A mais antiga composição deste disco é FLOR Do ABACATE, numa versão diferente da do LP "Assanhado" (CALB 5096). Aqui é possível distinguir melhor o trabalho dos violões em breques precisos. Jacob faz uma sensacional passagem de preparação para o retorno à primeira parte. ENIGMÁTICO e PITORESCO eram ambos os lados A e B do mesmo disco 78. No primeiro, as semicolcheias (uma divisão muito freqüente em chorinho) da melodia são executadas com perfeição na região grave dos violões; reparem no final na dominante do tom. Após uma elaborada introdução, a cativante melodia de PITORESCO é intercalada com breques dos violões. Na última exposição do tema da primeira parte, há uma modulação para três tons acima. 1 X 0 intitulado em louvor da vitória do selecionado brasileiro no campeonato sulamericano frente ao uruguaio, é um choro de difícil execução para a flauta. Conforme me disse Canhoto, "Carlos Poyares não conseguia executá-lo. Mas não foi só ele: até o Eugênio Martins da orquestra do Municipal levou a parte para casa, estudou e depois disse para Orlando Silveira: 'Não posso tocar não'." Porém Benedicto toca de tal forma relaxado que que não demonstra essas dificuldades, superando=as como um equilibrista que executa uma proeza sorrindo calmamente.As duas últimas faixas do disco são também dois dos mais conhecidos choros do repertório de qualquer conjunto: VALE TUDO e LÍNGUA DE PRETO, em suas versões originais. 

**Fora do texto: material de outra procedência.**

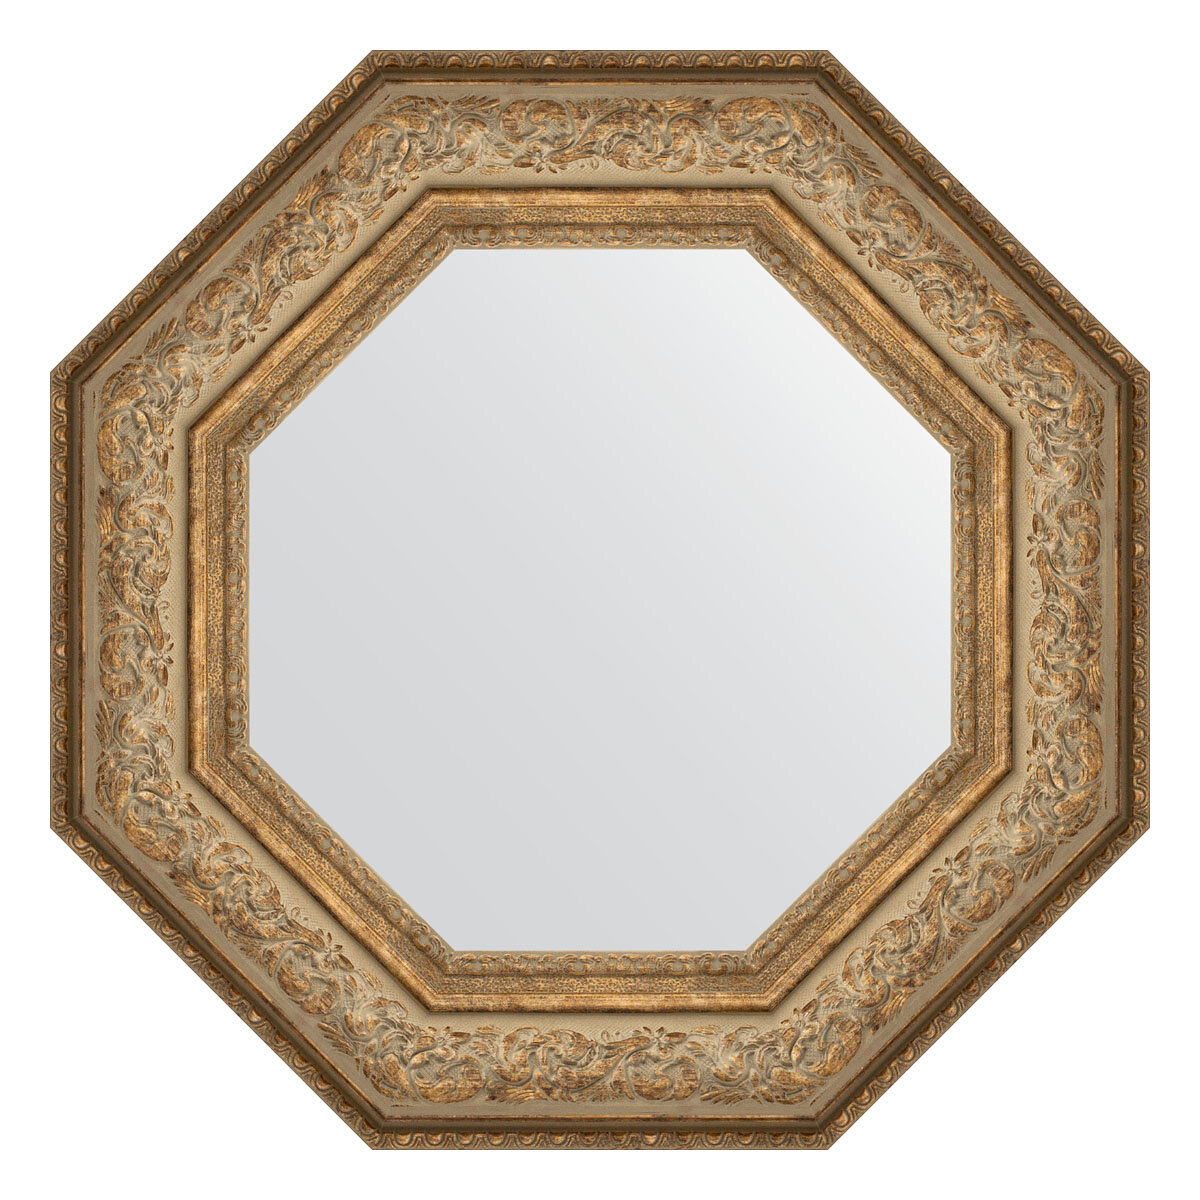 Зеркало настенное Octagon EVOFORM в багетной раме виньетка античная бронза, 60,6х60,6 см, для гостиной, прихожей, спальни и ванной комнаты, BY 3850

Finalmente uma menção sobre o reprocessamento utilizado neste disco. As gravações foram submetidas a um equalizador gráfico que "trouxe de volta" alguns sons que não se ouviam nos velhos discos 78, ao mesmo tempo que procurou eliminar, sem prejudicar a fidelidade, freqüências indesejáveis. Ainda assim, devido ao intervalo de tempo entre a mais antiga e a mais recente gravação, será possível notar diferenças técnicas, que no entanto são mais que amplamente recompensadas pela maestria com que esses músicos executam obras primas do choro brasileiro.